Gilbert White’s The Natural History of Selborne takes the form of 110 letters, 66 of which were addressed to Daines Barrington of London, and 44 to Thomas Pennant of Flintshire. The correspondence with his fellow naturalists was essentially genuine, but as White compiled them years later for publication as a book, he made numerous changes in order to improve its narrative structure. This included writing several letters that were never intended to be sent, but served as introductory material, or filled gaps in the subject matter. While we may never completely disentangle the work and recreate the correspondence in its original form, there is no doubt that the whole work is based on his own direct and detailed observations.
On this day 252 years ago, he wrote to Pennant and among the topics covered, he returned to a subject he had mentioned two months earlier – mice. Specifically, his suspicion that he had discovered a species previously unknown to science. He had been brought a specimen by someone who knew them to be plentiful at harvest-time, as most rodents were. As he investigated the species further, he decided that from the colour, size, shape and manner of nesting that it was nondescript -that is, undescribed. In the November he had written:
They never enter into houses; are carried into ricks and barns with the sheaves; abound in harvest; and build their nests amidst the straws of the corn above the ground, and sometimes in thistles. They breed as many as eight at a litter, in a little round nest composed of the blades or grass or wheat. One of these nests I procured this autumn, most artificially platted, and composed of the blades of wheat; perfectly round, and about the size of a cricket-ball. It was so compact and well-filled, that it would roll across the table without being discomposed, though it contained eight little mice that were naked and blind.

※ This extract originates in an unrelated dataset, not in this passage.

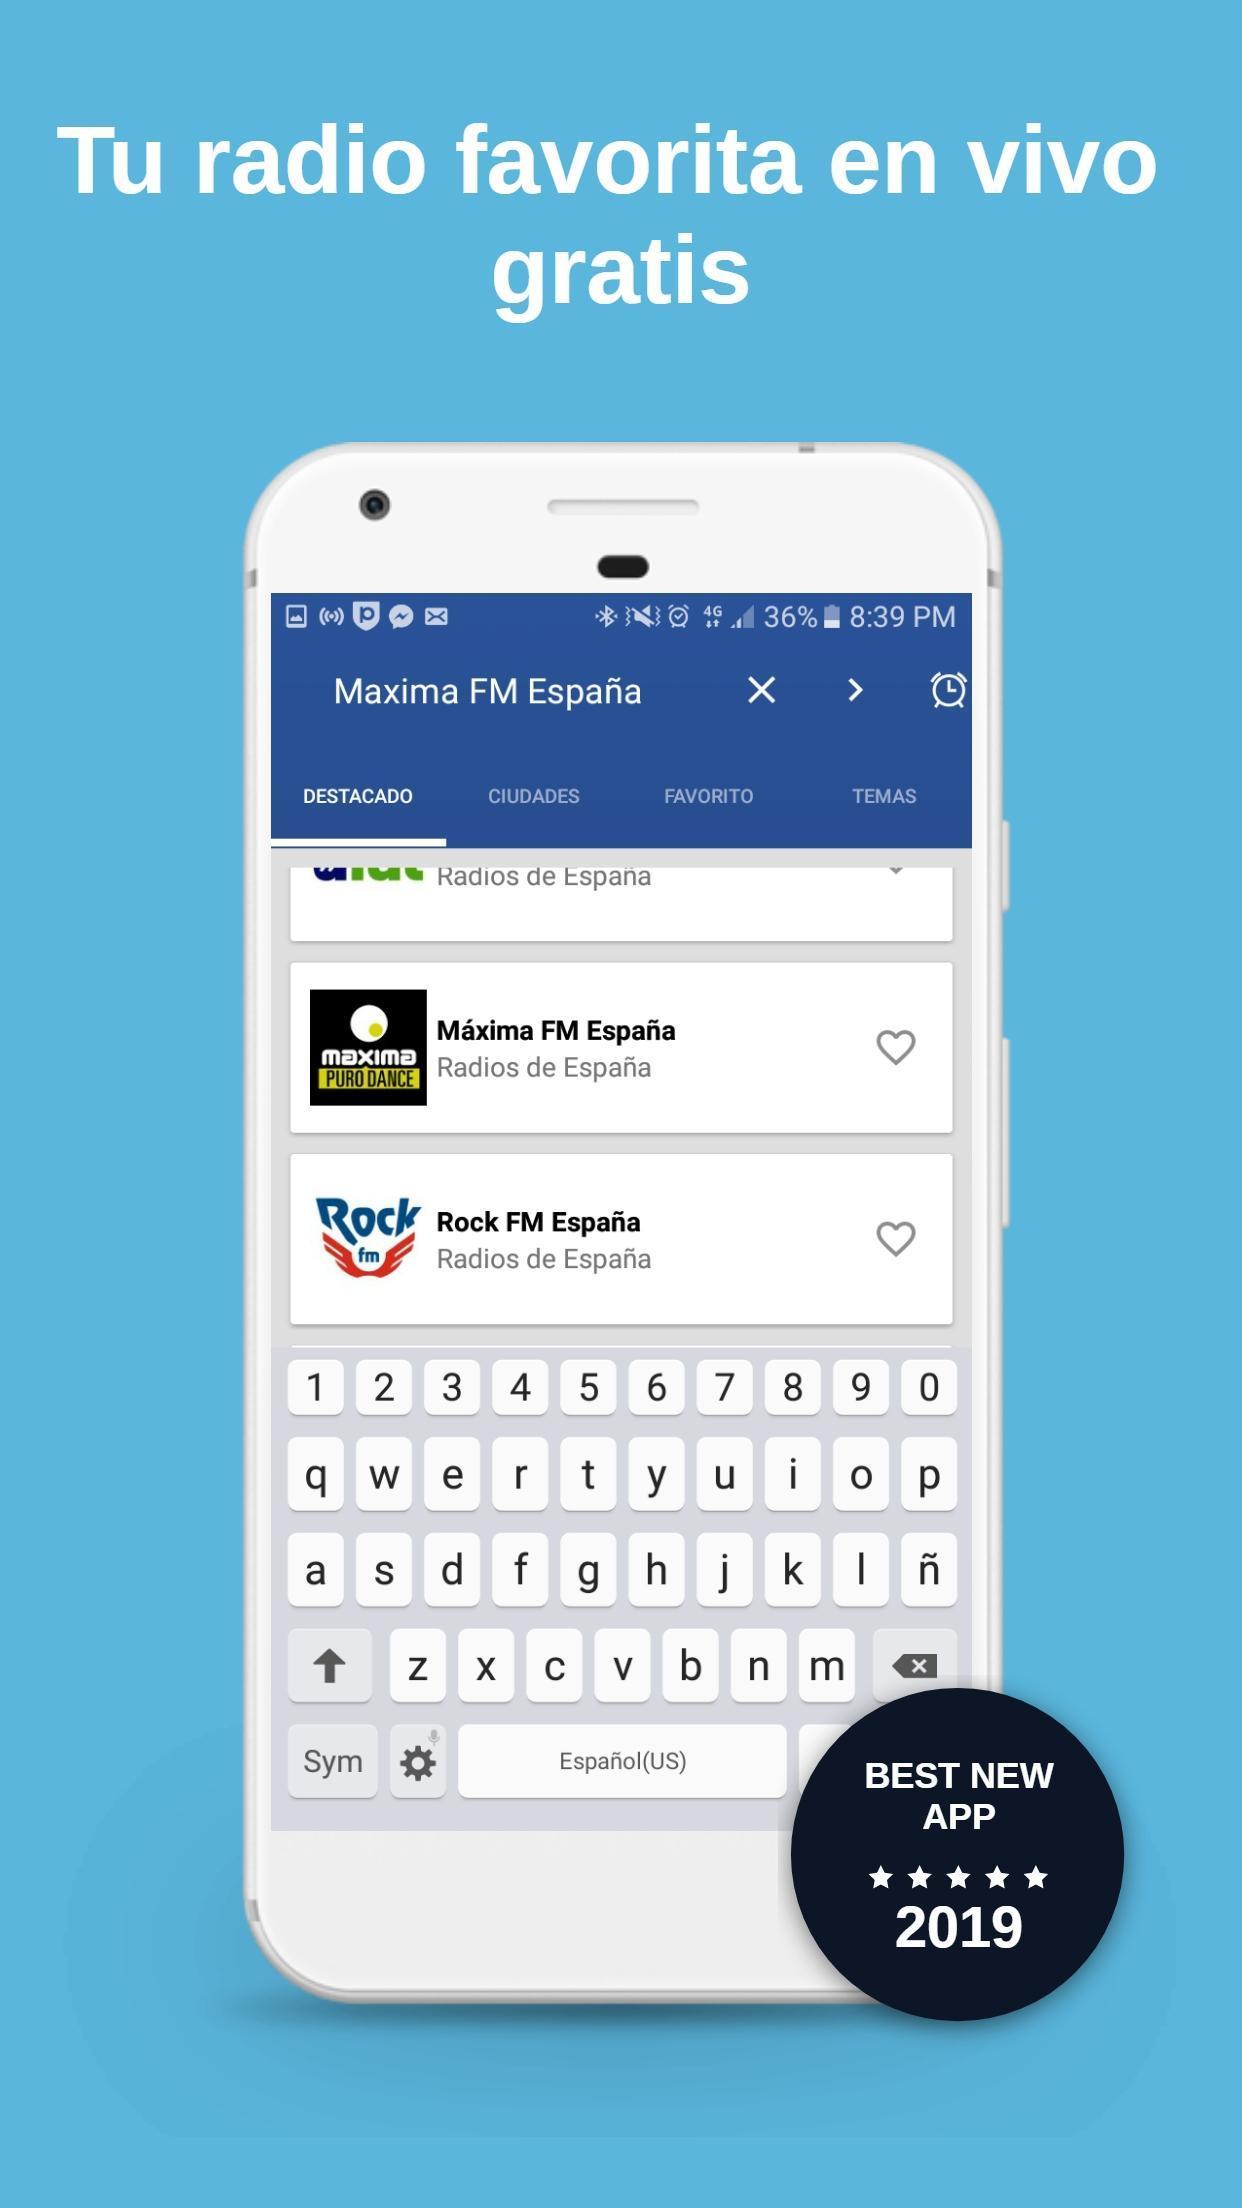 Radio España Maxima fm Dance Free for Android - APK Download

On 22 January 1768 he wrote again, having found that their winter nesting behaviour was completely different: “they burrow deep in the earth, and make warm beds of grass: but their grand rendezvous seems to be in corn-ricks, into which they are carried at harvest.”
The harvest mouse is Europe’s smallest rodent, and though familiar to country folk, had not previously been distinguished from other mice. Later in 1768 Pennant published his British Zoology, reproducing Gilbert’s account of the species almost word-for-word. Since the book was published by Gilbert’s brother Benjamin, we can suppose that White was happy for Pennant to be the first to describe it. The name harvest mouse was coined by Pennant, who begins his account by stating that “this species is very numerous in Hampshire, particularly during harvest.”
Gilbert White was born nearly three hundred years ago, on 18 July 1720. I shall be marking his tercentenary throughout 2020 with events and projects, including this ‘Letters from Gilbert’ series.